Replace EPF withdrawals with long-term sustainable measures

By Sofea Azahar Research Analyst at EMIR Research

A huge relief would have been felt by many who are in desperate need of cash after the revised decision by the Employees Provident Fund (EPF) to allow a more flexible withdrawal from Account 1 for those who are severely affected by the unprecedented crisis. But it should not be made an extended solution, hence, the need for sustainable adequate measures.

To recap, during the tabling of Budget 2021, some EPF-related measures which are intended to support rakyat in short term are as follows:

  • Reduction in employee contribution rate from 11 percent to 9 percent beginning January 2021;
  • Targeted withdrawal from Account 1 – RM500 a month with a total up to RM6,000 over 12 months for members who have lost their jobs; and
  • Withdrawal from Account 2 for the purchase of insurance and takaful products.

Withdrawals from Account 2 were already allowed in April via i-Lestari which allows contributors to take out RM500 per month for 12 months with a total of up to RM6,000. 

This mechanism was said to have benefited 4.7 million members with a total withdrawal value of RM11.6 billion.

Mixed reactions received from the public regarding the limited coverage of Account 1 withdrawal in Budget 2021 had resulted in a revision by EPF with an expanded coverage to those who have lost their jobs, given unpaid leave and have no source of income, announced on 16 November known as i-Sinar facility

A greater number of members will benefit under the revised facility – from 600,000 to 2 million and the total value of withdrawal rising from RM4 billion to RM14 billion.

As much as these actions reflect the “Economics of Empathy” coined by EMIR Research for the sake of helping the vulnerable rakyat, each of us also needs to be mindful of what’s ahead especially when uncertainties remain and ageing population is also growing (10.3 percent in 2019). 

The latest available statistics from EPF show that around 54 percent of its members aged 54 and above have savings less than RM50,000 while only 34 percent of them have reached the level of Basic Savings of RM240,000 by the age of 55.

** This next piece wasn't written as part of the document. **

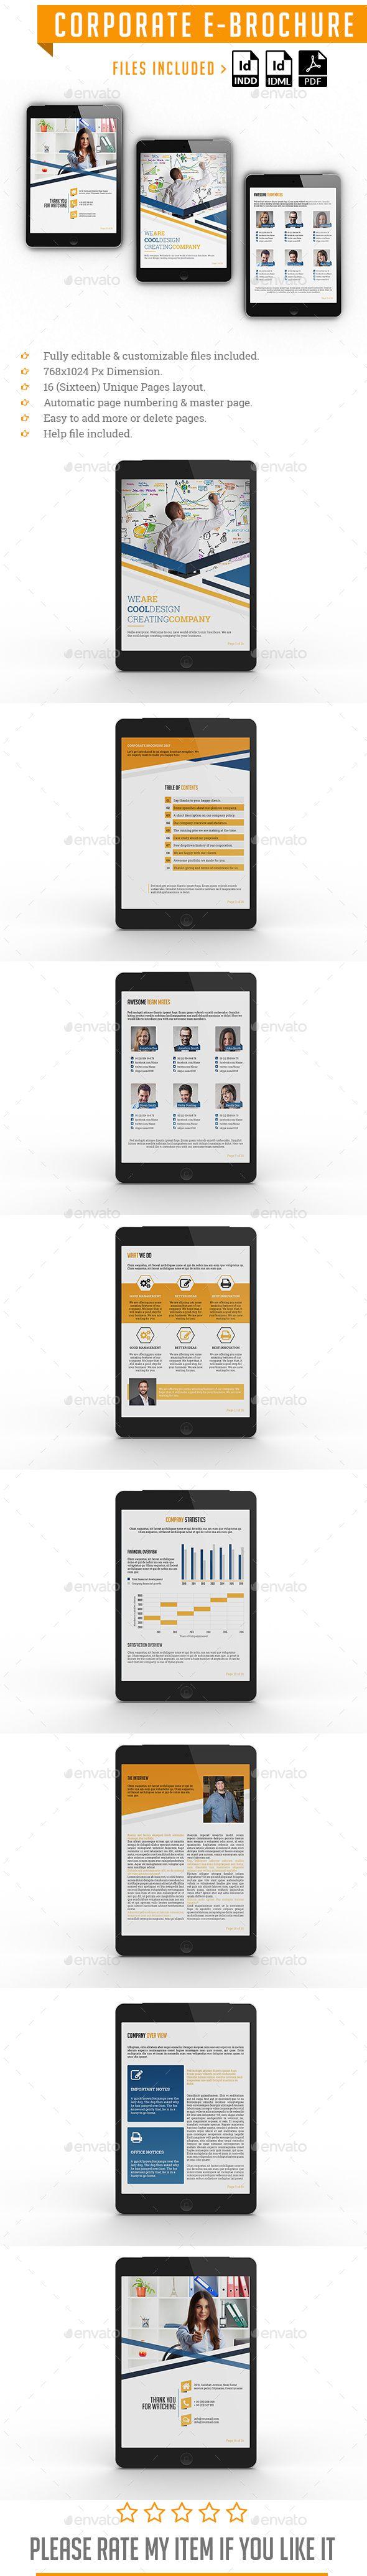 corporate e brochure epublishing e publishing templates

Reported by Edge Markets, EPF also conducted a Covid-19 impact survey in July on 21,665 members working in both formal and informal sectors, involving more than half coming from B40 households. 

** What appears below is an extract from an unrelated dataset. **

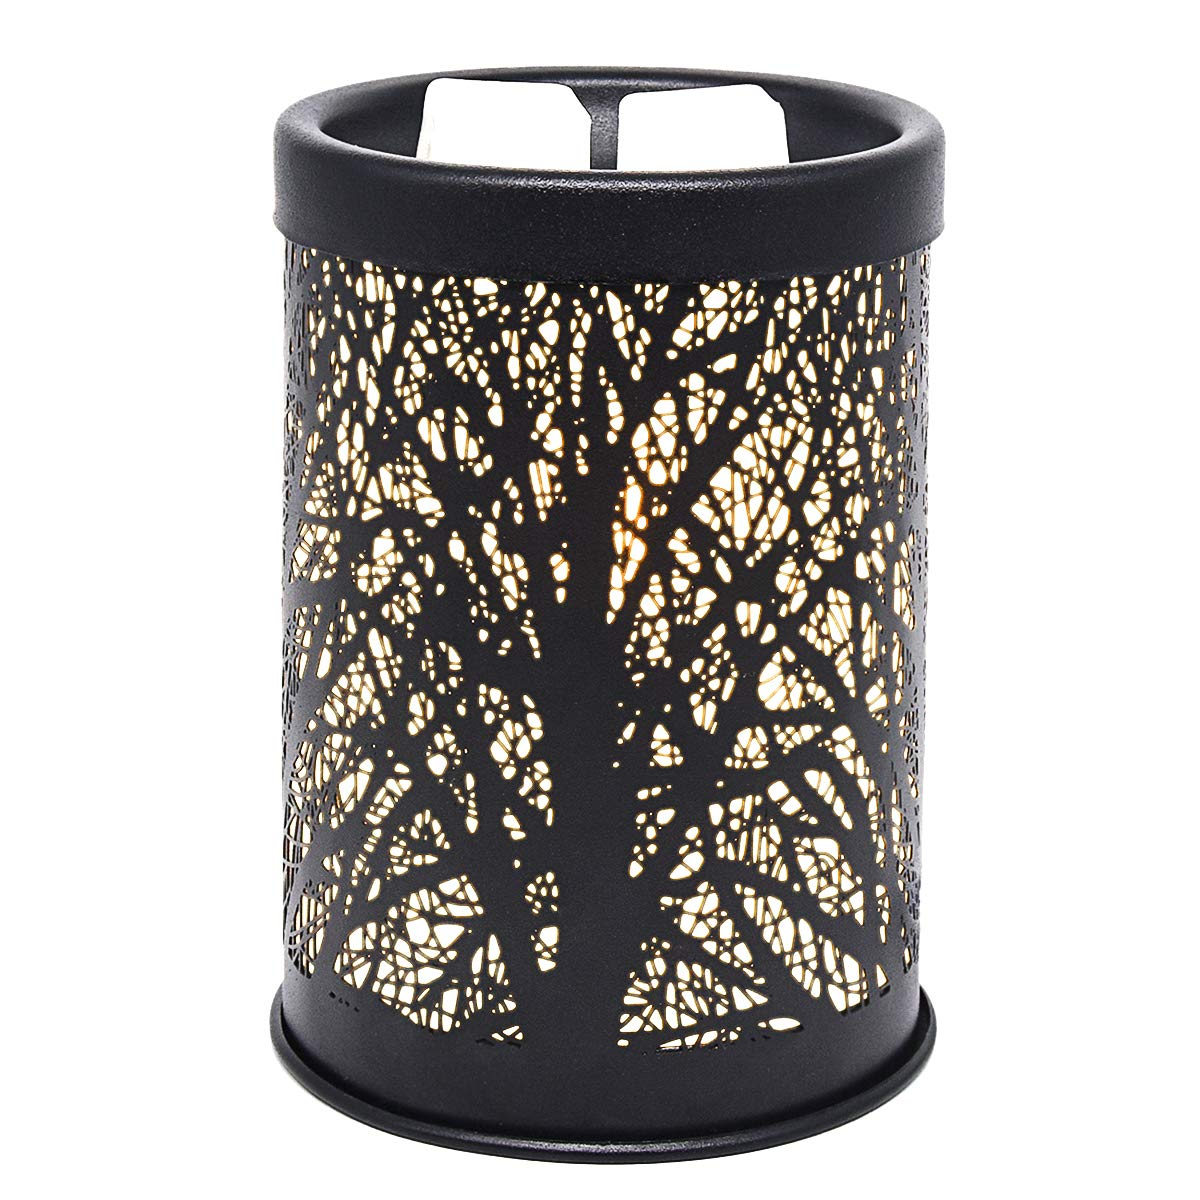 EQUSUPRO Metal Wax Melt Warmer Electric Wax Burner Melter Fragrance Warmer for Home Office Bedroom Living Room Gifts & Decor (Tree)

Findings from the survey showed that their main long-term concerns are income stability (66 percent), health (53 percent) and retirement savings (51 percent).

These findings are broadly in line with our poll findings for 3Q20 dominated by respondents from low-income households (65.6 percent earning RM3,000 and below) by which it is discovered that job losses, inadequate incomes and quality of healthcare are respondents’ main concerns – worry levels at 85 percent, 80 percent and 75 percent accordingly.

As much as it is important to provide a fast-track cash to the people, their savings should not be made an easy or a-must option so long as the crisis continues because the savings came from rakyats’ hard work and it must have taken years to do it. 

According to Prime Minister Tan Sri Muhyiddin Yassin in an interview with television stations prior to the budget, the first round of reduction in EPF contribution rate (11 percent to 7 percent) had already led to 70 percent of members opting for it – another channel of bringing down savings.

Given the poor social safety net that plenty of Malaysians have especially the B40 households and informal sector workers, measures to safeguard people’s savings also need to be considered. 

Instead of workers needing to draw down their hard-earned savings, more sustainable and sufficient measures should be thought of by the more powerful stakeholders, i.e. propping up workers’ wages and create jobs which match the industrial demand to mitigate longstanding issue of unemployment and underemployment. 

Increasing wages has become increasingly important after the upward revision of national poverty line income (PLI) to RM2,208 as it implies that households living with incomes below RM2,208 are in absolute poverty – a situation in which household income is not enough to meet the basic needs of food, shelter and clothing. 

Besides that, it is positive to see that EPF has come up with one measure in terms of advisory for its members through EPF’s Retirement Advisory Services (RAS) and/or the Credit Counselling and Debt Management Agency (AKPK). 

It is indeed very crucial to get a second opinion from the involved and experienced body as retirement savings withdrawals should be performed wisely with sufficient financial literacy and members need to be made known of any other suitable options.

Yes, unprecedented times do require unprecedented actions given a lot of people are still suffering from the hard impact of crisis. But a long-term and feasible perspective is critically needed, thus, sacrificing Malaysians’ savings shouldn’t be made too long.